Texas A&M’s provost and executive vice president for academic affairs Karan Watson said in a press release it’s rewarding to see the school recognized for its hard work.

“I am proud of our efforts, which remind students that Aggies Commit to Learning for a Lifetime and our faculty continue to excel in our complete mission of teaching, research and service to our community, state and nation,” Watson said.

UTEP’s close location to the United States/Mexico border gives the school a unique educational opportunity, and one the university believes is crucial to attain the American Dream.

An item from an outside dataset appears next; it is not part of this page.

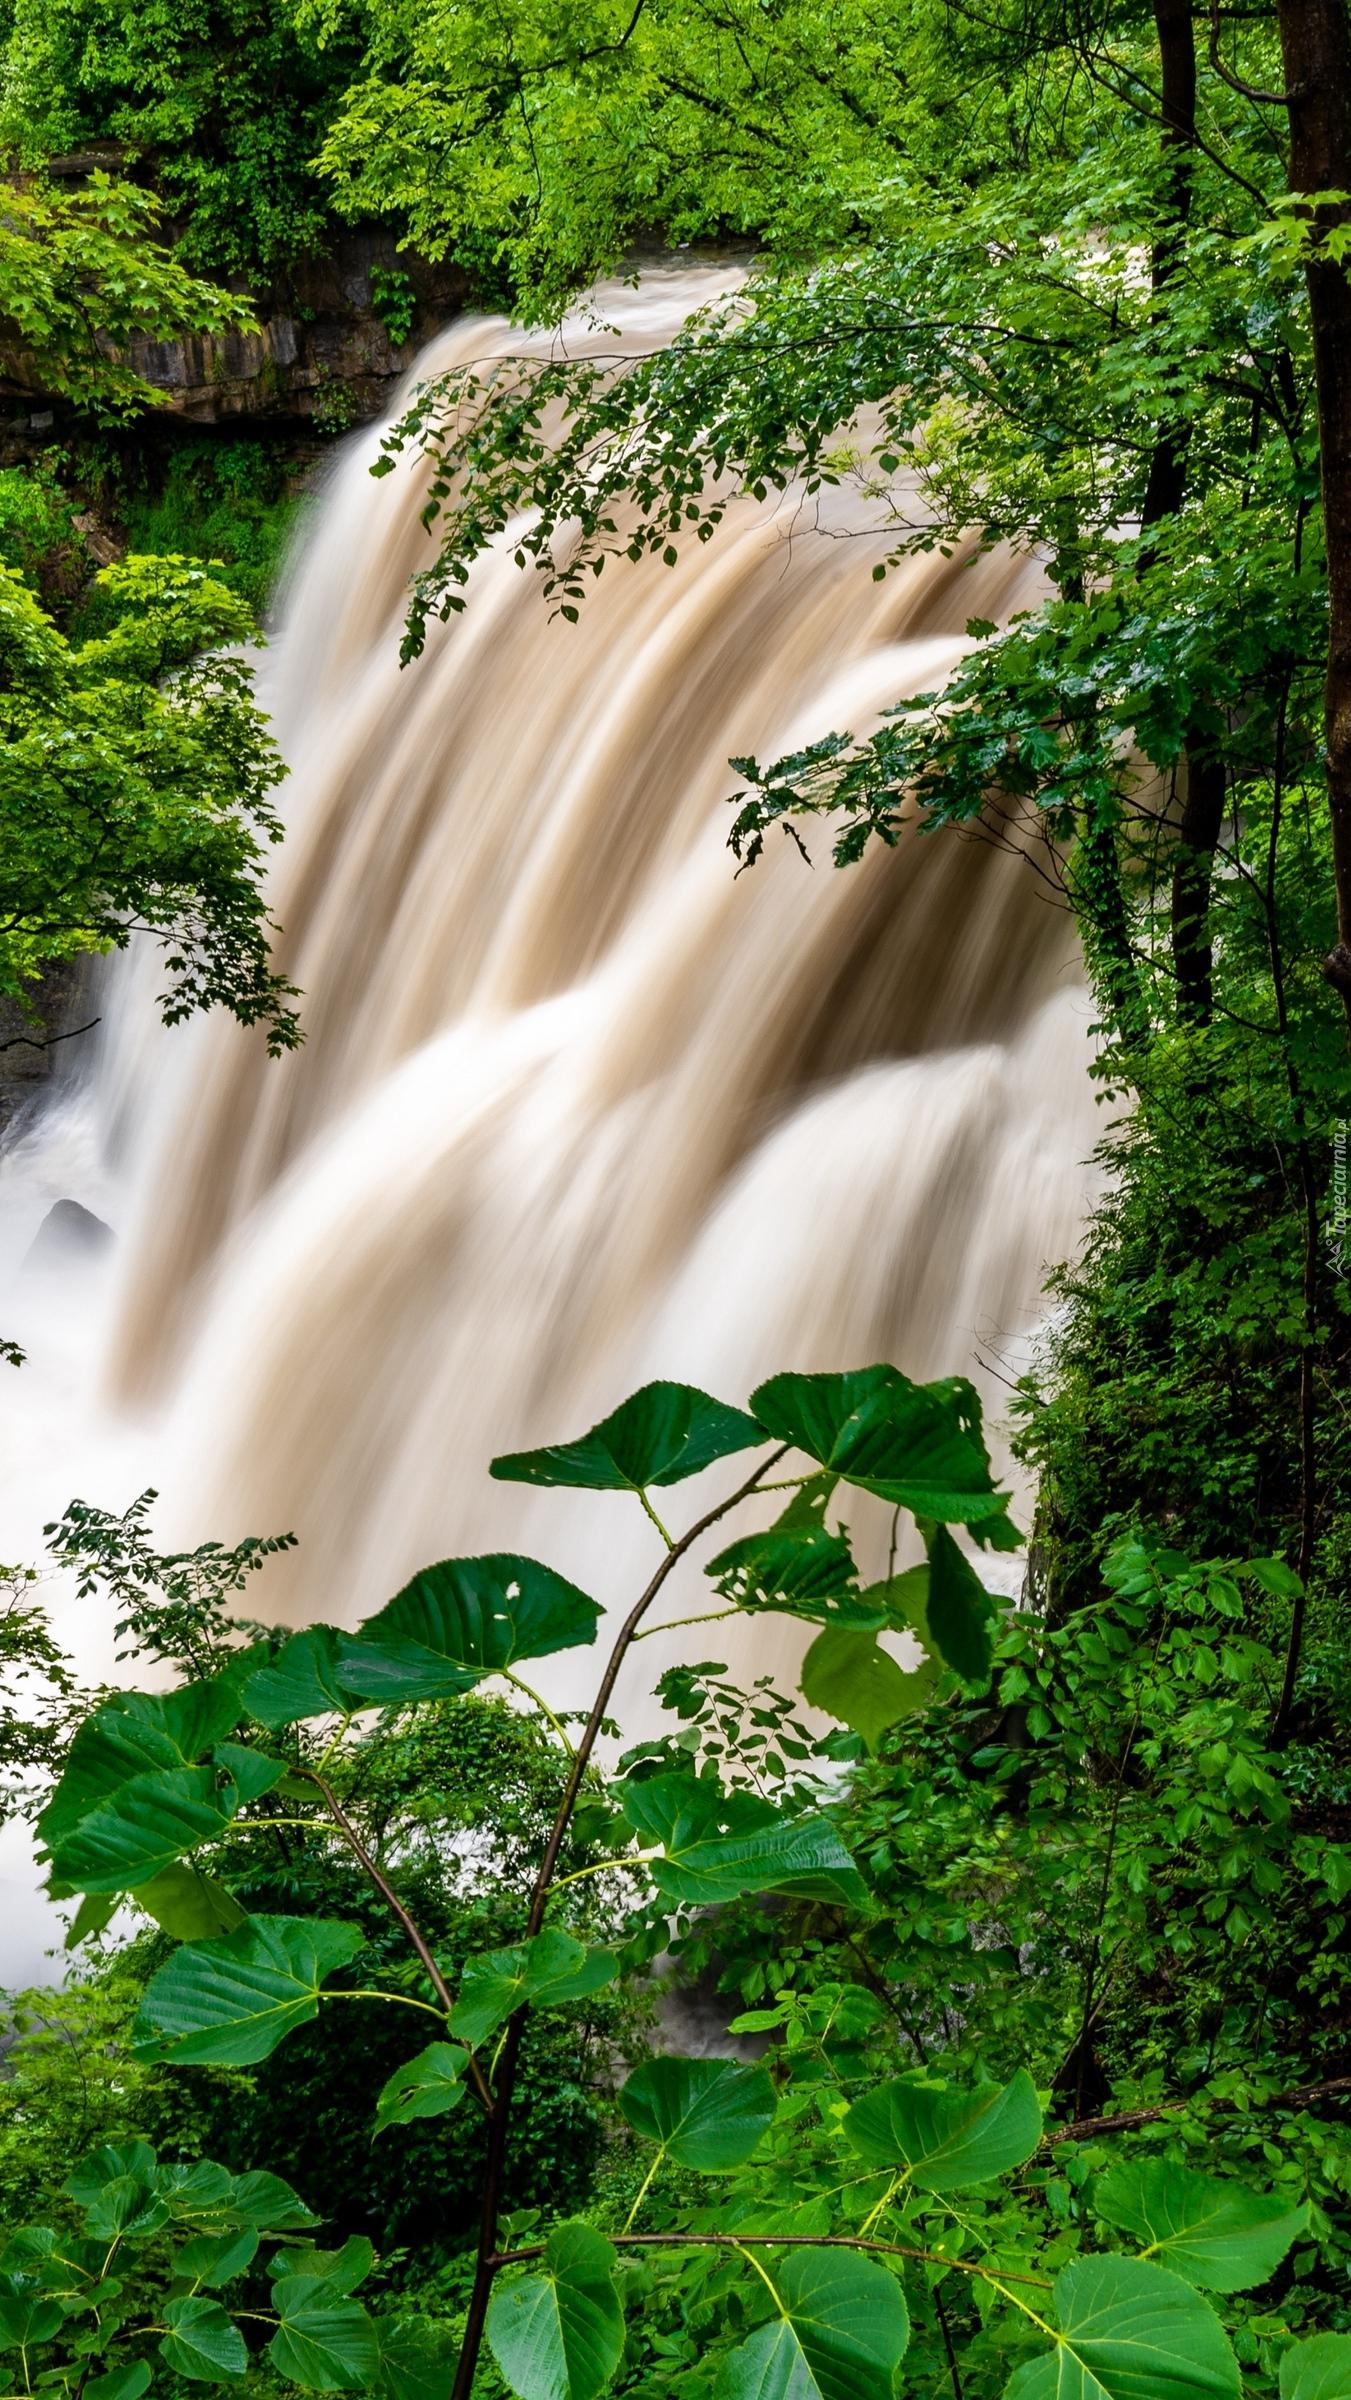 Wodospad w lesie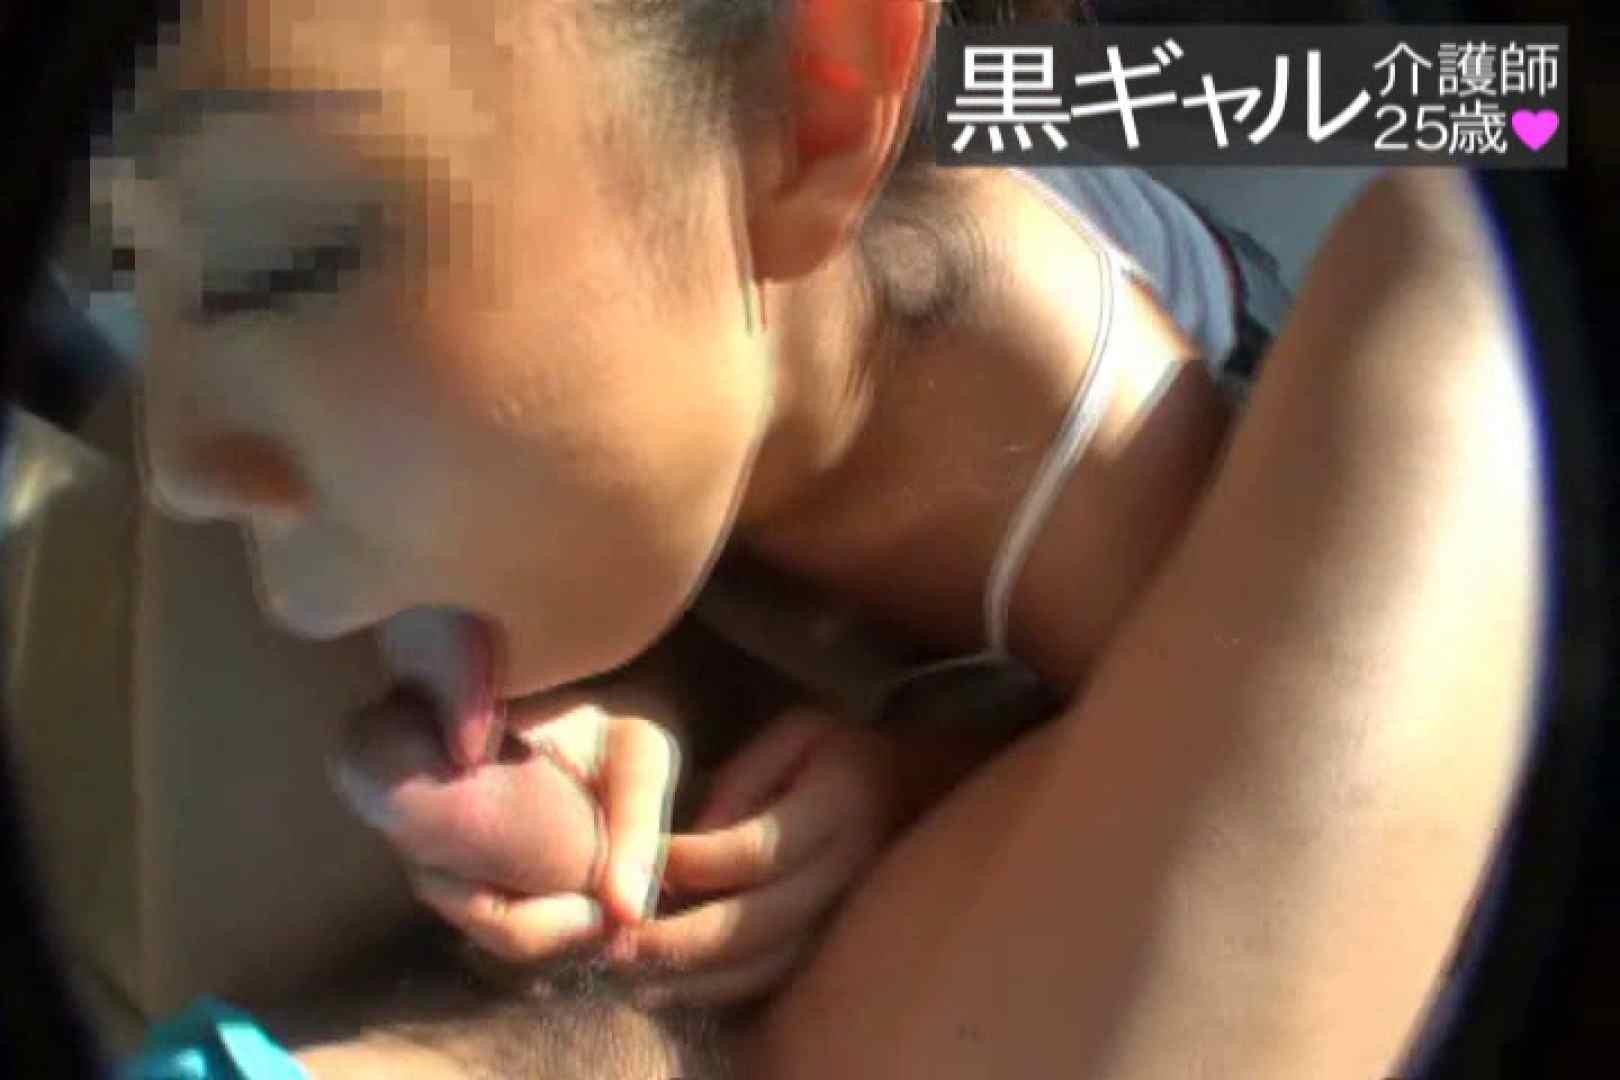 独占入手 従順M黒ギャル介護師25歳vol.6 美しいOLの裸体 | シャワー  78pic 36

“We have stayed true to our mission of access, affordability and excellence, and we are energized by our transformational role in the lives of our graduates and their families, and in the human and economic development of the U.S.-Mexico border region we serve,” UTEP president Diana Natalicio said. 

A key differentiator between the Washington Monthly list and other respected publication’s rankings is how the editors view student applications. Rather than reward the schools that deny the most applications, the magazine gives kudos to universities that positively contribute to society and seek to enroll low-income students.

West Coast schools ruled the Washington Monthly rankings, with the University of California-San Diego nabbing the number one spot, followed by University of California-Riverside and the University of California-Berkley. Texas A&M breaks up the California run with its fourth place ranking. The University of California-Los Angeles comes in fifth.